Is there a Moore’s Law for human progress?
Not according to the writer Andrew Keen and his new book How to Fix the Future. The power of
computing doubles every few years, but according to Keen – or the daily news – human
ethics don’t seem to show similar progress.
But what does that mean for the rest of society struggling to play
“moral catch-up” with the tech giants? Today’s digitally mediated landscape often
feels barren and toxic, plagued by fake news, social media turf wars and polarized
communities. What’s the answer?
That’s the question that How
to Fix the Future attempts to answer. Instead of doom mongering from an
armchair, Keen talks to various people throughout this book who have a role to
play in offering a future that’s different from the one Trump, Putin and Big
Tech have dreamed of.
Keen, who I interviewed for VICE a few
years ago, is the enfant
terrible of the world of Silicon Valley – someone who became a
tech-entrepreneur himself before turning to punditry and regularly turning the
guns on the industry that cultivated him. Since his bestselling polemic The Cult of the Amateur in 2007 he’s
been a kind of embedded reporter in the tech industry, offering gloomy
prophecies about the threats to our privacy, creativity, finances and even our
souls from the digital revolution.
How to Fix the Future asks big questions. How can we
avoid the “surveillance capitalism” of Facebook? What about jobs, copyright, privacy?
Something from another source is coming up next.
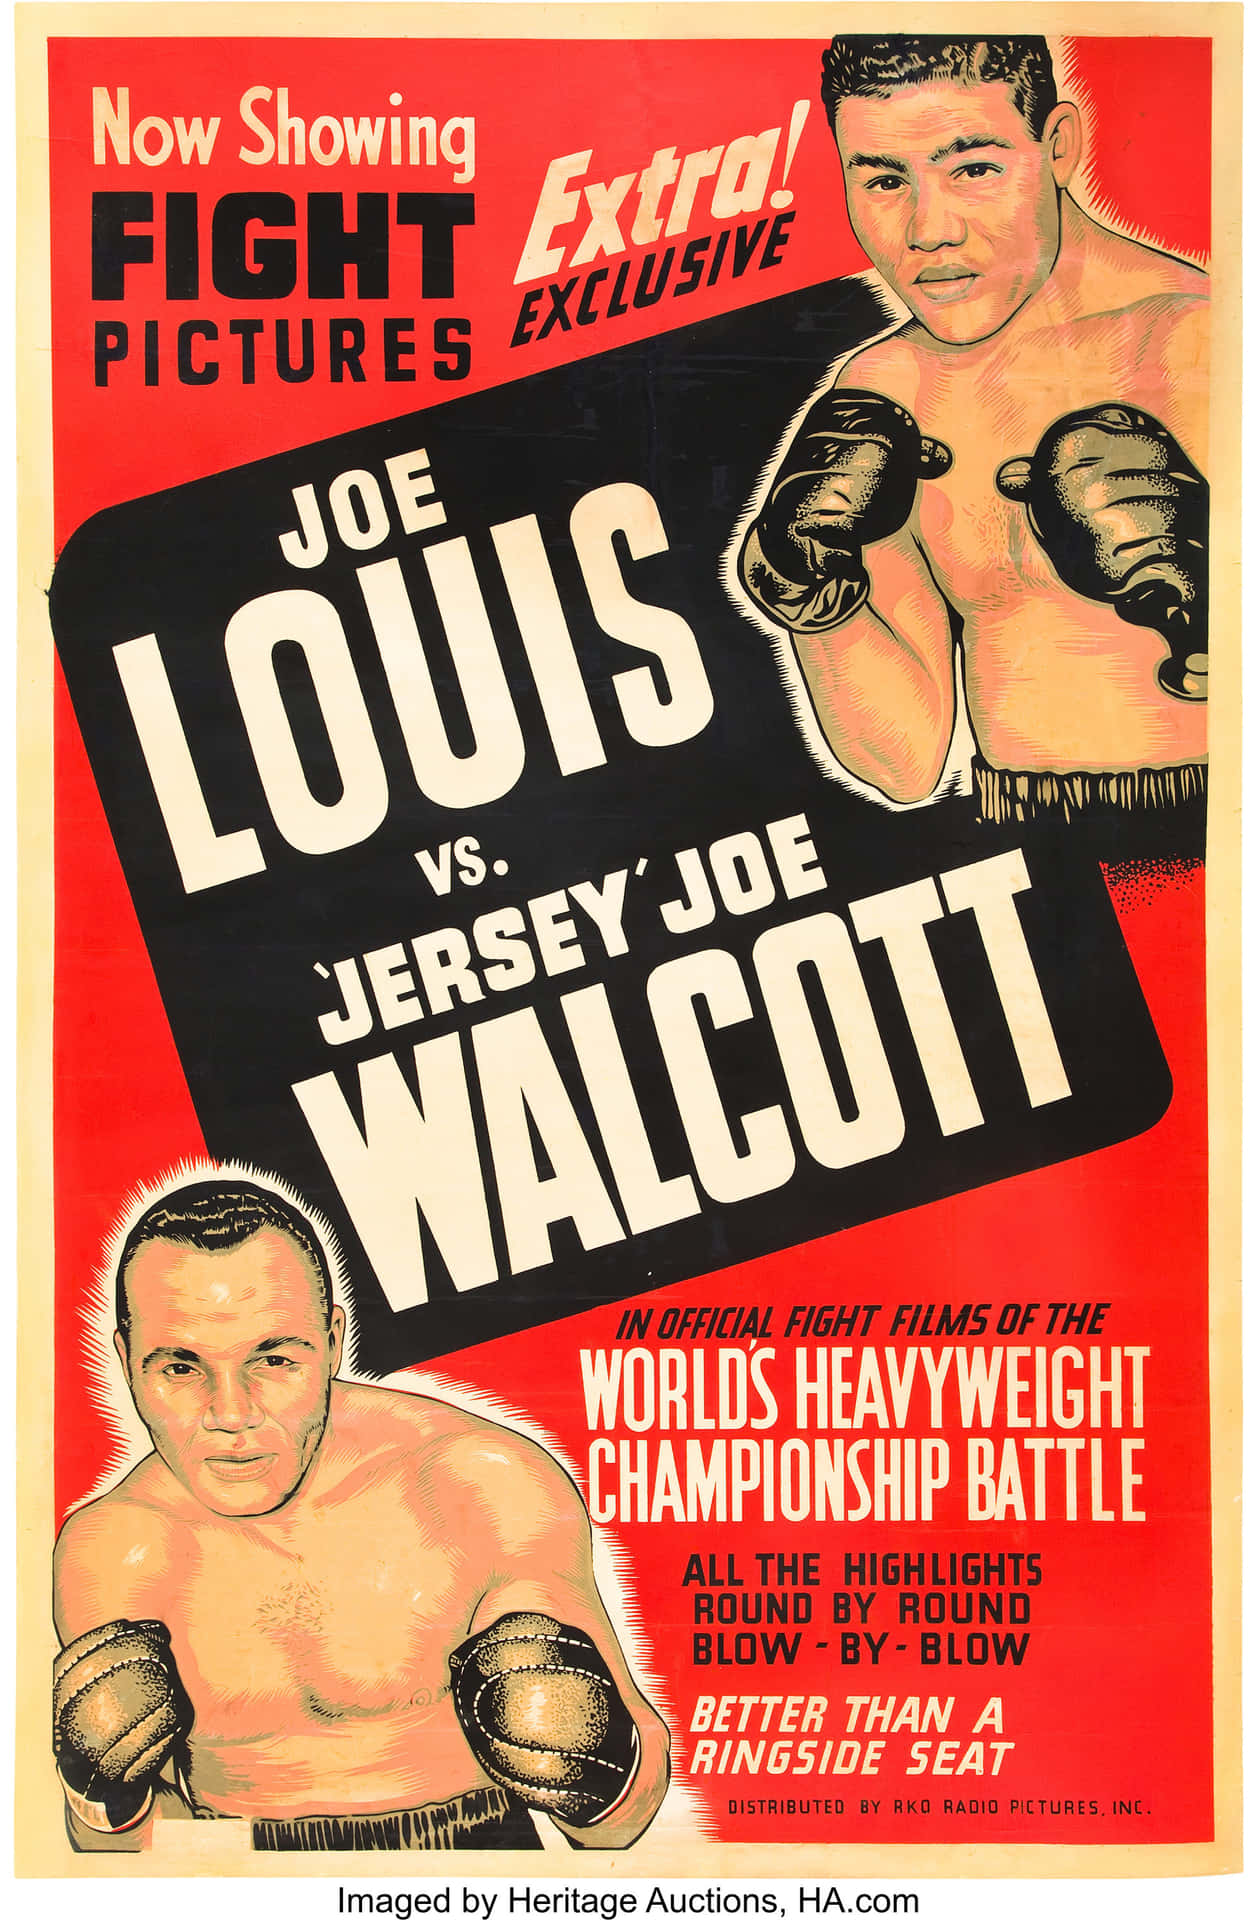 Jersey Joe Walcott And Joe Louis Fight Poster Wallpaper

How will the flexible workers of the twenty first century form a union?
The book forms a series
of interviews interlaced with reflections, and Keen hopes some of them will shed
new light on complex topics.
He talks to movie/music producer Jonathan Taplin about ways to
combat the “sharecrop” profiteering of
the streaming sites, such as a “creative strike” among artists, or the rise of
sites like Patreon, Flattr and Blendle which allow artists to develop
(remunerative) relationships with their consumers. All this is part of a wider
picture of the rise of “platform co-operativism”, such as Uber drivers
unionizing, in one of the first examples of a digital precariat learning from
the lessons of the first industrial age.
In the same spirit Keen
talks to former deputy
Danish prime minister Margrethe Vestager about “productive regulation”, which
sees the state as an important mediator between government and people in the
digital economy. The aim isn’t to stifle the market: it’s actually to increase the chances for innovators to
reach an audience in a less monopolized landscape.
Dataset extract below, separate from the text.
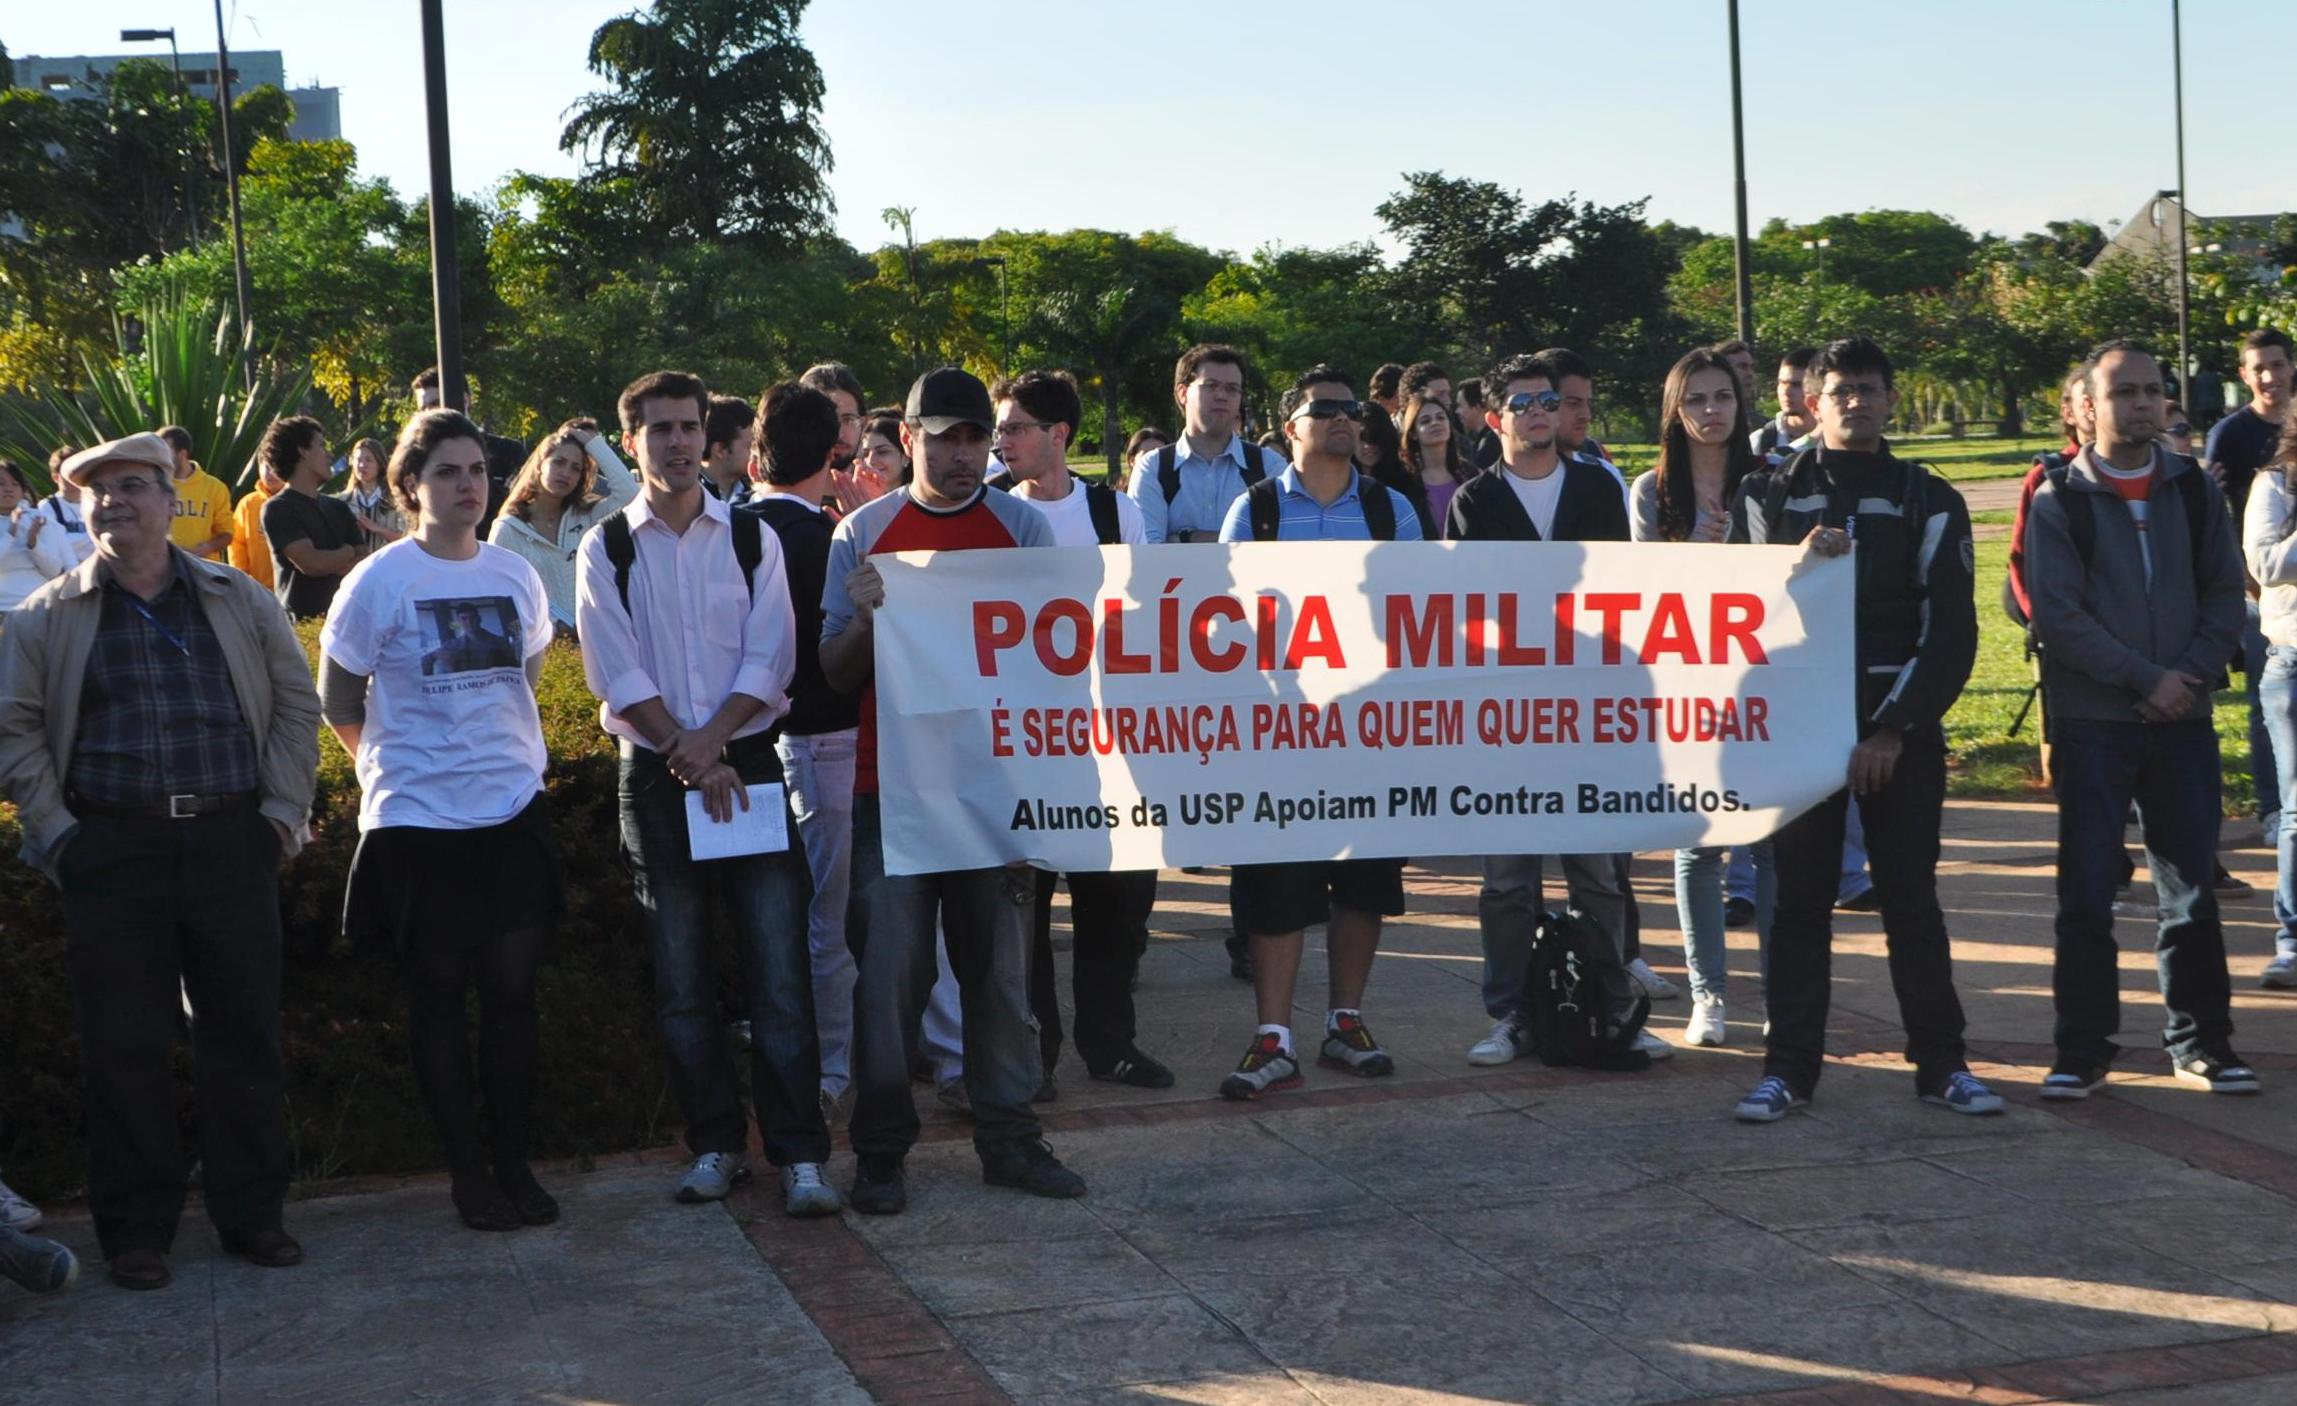 Ato na Praça do Relógio contou com cerca de 250 alunos a favor da PM (foto: Beatriz Montesanti)

This raises an interesting point. We all know the unregulated Wild
West of the first tech boom was hardly great news for most of those outside Wall
Street. But currently, attempts to oppose regulation of tech (and enforce
taxation) meet a knee-jerk reaction: such proponents are branded as dreamy
socialists and quickly dismissed.
Keen refutes this. In his opinion, as well as that of many of his
interviewees, more regulation and decency in big tech would promote rather than stifle business –
just as in the financial world minimum standards help to build the trust.
The overriding theme is a need for citizen agency in the digital
economy – a new kind of social
contract between the private, public sector and the individual. An emerging
“ethical tech” movement is currently floating start-ups
focused on the creation of jobs for the underprivileged. These include apps to
help ex-cons get work after their release, or to remove bias from hiring
decisions or offer workers legal advice.
And why not? We hear
endlessly about the gig economy threatening jobs, but why don’t we talk more
about how the same tech might also empower people?
It’s easy to sneer at these initiatives. Perhaps they are just
first steps – first drafts for an unknowable future, building blocks to a
better way of doing things. But why should we always assume that life online
should always revolve around brutal profit-hunting and corporate behemoths? Why
should the future belong to Silicon Valley at all, when so many people around
the world – governments, entrepreneurs, artists – are now attempting to
redeploy digital tools to meet communitarian, local and non-profit needs?
Optimistic lines of thought tend to plough into a big wall,
however – the fact of automation. Are there any solutions? In his final
chapters Keen talks to speakers advocating a “universal basic income” – like
social security but without the stigma, for an age when more and more jobs will
be performed by machines. He also talks of the need for moving beyond the “industrial
age school” to a more person-centred education, training creative thinkers for
a “freelance society”.
Personally I have to say that sounds like hipster Hell, but I see
the rationale. How to Fix the Future might
not have firm answers but it does ask important questions. Human progress might
not keep pace with the iPhone. But it’s still due the occasional upgrade.